Equation (8) shows that the parameter d characterizes the rate of production (formation) of the density of substance $y=\rho \left(y\right)$ and the parameter c is the weighting factor for the field density $x=\rho \left(x\right)$ .

4. Solution of Equation (6) to Determine Parameter q

It should be noted that Equation (6) includes Equation (1) modeling the expanding universe, and Equation (2) modeling the compressing universe; all depends on the choice of coefficients for z and z².

Let us now define the parameter q. To this end, the solution of (6) will be sought in the class of generalized functions [8] . Actually, turn to equations

$\pm \frac{\text{d}\chi }{\text{d}t}=\frac{1}{\psi }$ , (9)

$\frac{\text{d}\psi }{\text{d}t}=\frac{1}{\chi }$ . (10)

From Equations (9) and (10) it follows that

$\pm \frac{\text{d}\chi }{\text{d}\psi }=\frac{\chi }{\psi }\Rightarrow \pm \frac{\frac{\text{d}\chi }{\text{d}\psi }}{\chi }=\frac{1}{\psi }\Rightarrow {\left(\ln \left|\pm \chi \right|\right)}^{\prime }{}_{\psi }=\frac{1}{\psi }$ . (11)

If in formula (11) we substitute $\chi$ by z, and substitute $\psi$ by current time t, then denote

$z=z_0{\mathcal{l}}^t$ , (12)

(z₀ is the value of matter density in equilibrium state: $a=\frac{bc{z}_0}{d}e$ , and letter e denotes the Napier’s number, i.e., e = 2.7182…) with account of (5) we will have

$\frac{1}{t}=\stackrel{\dot{}}{z}/z={\left(\text{ln}\left|\pm z\right|\right)}^{\prime }{}_t=\text{ln}\mathcal{l}=\pm q$ . (13)
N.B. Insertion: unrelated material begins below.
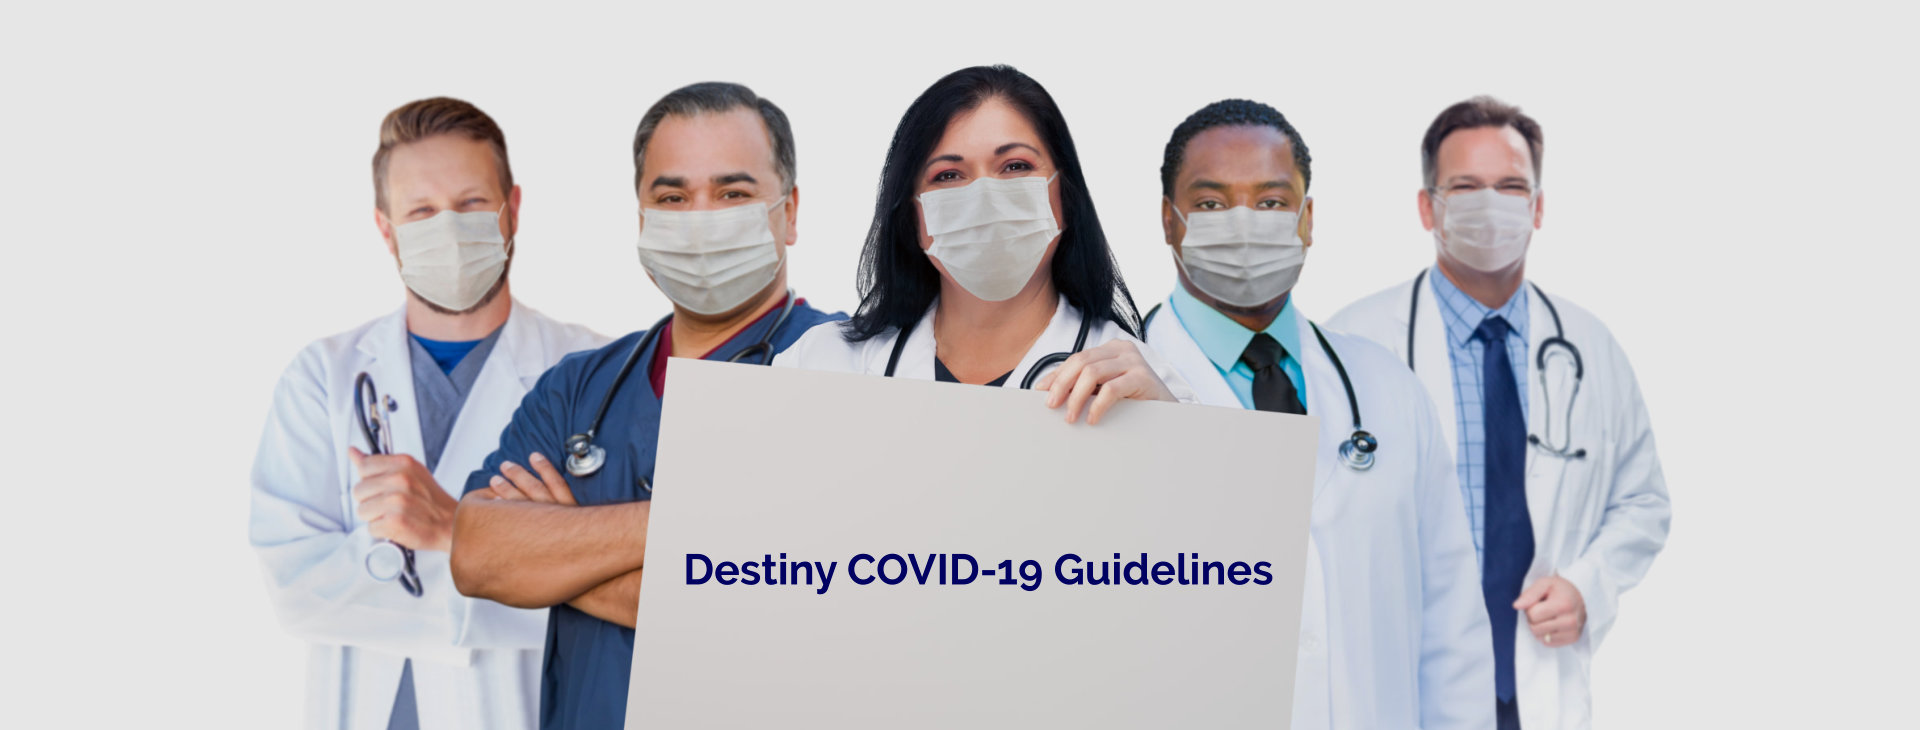 Destiny COVID-19 Guidelines

Expression (13) shows that the parameter q belongs to the class of generalized functions. We divide both sides of Equation (6) by z, then with account of (5) we obtain equality

$\pm q=-d\pm q+\frac{bc}{a\mp q}z$ .

From the last equation we define z:

$z=\frac{d\left(a\mp q\right)}{bc}$ . (14)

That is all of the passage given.